Pressure on Canada to meet emission targets as CO2 levels hit record high

Alexandra Mae JonesAlexandra Mae Jones, writer @AlexandraMaeJ

The level of carbon dioxide in the atmosphere hit a record high in 2018, according to new data put out Monday by the World Meteorological Organization, a revelation that casts a dim light on Canada’s current methods in battling the climate crisis.

Even more alarming, data from the United Nations-affiliated organization shows there is no sign of a slowdown in the rate of greenhouse gas concentration in the atmosphere, and that for some types, the concentration is increasing faster than ever.

WMO Secretary-General Petteri Taalas said in a statement that the continued increase in greenhouse gases is happening “despite all the commitments” under the Paris Agreement on Climate Change.

“We need to translate the commitments into action and increase the level of ambition for the sake of the future welfare of the mankind,” he said.

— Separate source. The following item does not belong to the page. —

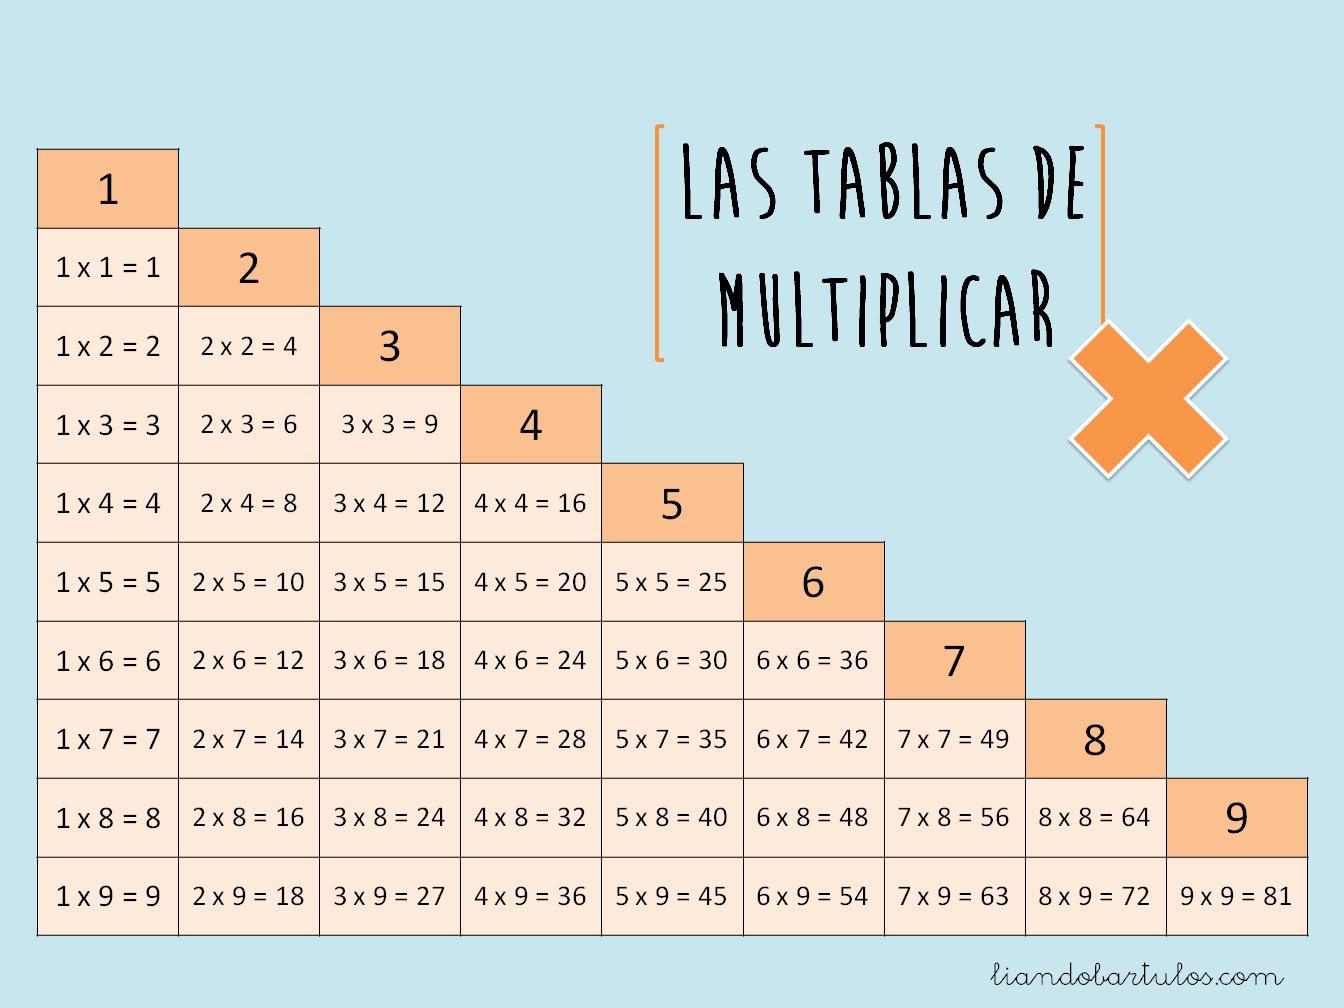 Tablas-de-multiplicar-2.png (1344×1008) | Multiplication | Pinterest ...

Speaking to CTV News, WMO’s Oksana Tarasova said that their observations of the levels of greenhouse gases in 2018 showed that “carbon dioxide increased with a rate which is quite close to the 10 years average, though methane — which is the second most important … greenhouse gas – increased with a higher rate than within (the) last 10 years.”

Nitrous oxide, which she explained was the third most damaging greenhouse gas, “increased even faster than we’ve seen ever in this whole history of observations.”

CO2 is responsible for around two-thirds of the Earth’s warming. Methane is responsible for 17 per cent of warming, according to WMO, while nitrous oxide causes around 6 per cent. The last time CO2 levels were this high was “3-5 million years ago,” Taalas said in the WMO statement.

“This continuing long-term trend means that future generations will be confronted with increasingly severe impacts of climate change, including rising temperatures, more extreme weather, water stress, sea level rise and disruption to marine and land ecosystems,” the statement reads.

This data comes only two weeks after Climate Transparency released a detailed analysis of which G20 countries are on track to meet their greenhouse-gas emissions targets — and Canada was one of the worst performers, assessed as unlikely to come near its targets.

Canadians have marched, chanted and demonstrated across the country, asking for more action on the part of the government to slow down the rate of devastating climate change, the effects of which we are already seeing. But so far, the policies have not followed.

The Canadian federal government has come under fire from climate activists and concerned citizens for the decision to purchase the Trans Mountain pipeline in 2018 and fund its expansion, even while promising to slash greenhouse-gas emissions.

They have claimed that the pipeline will yield another $500 million in corporate tax revenue to be spent on fighting climate change, but it’s still unclear where the figure came from and what is truly meant by it in terms of a climate plan.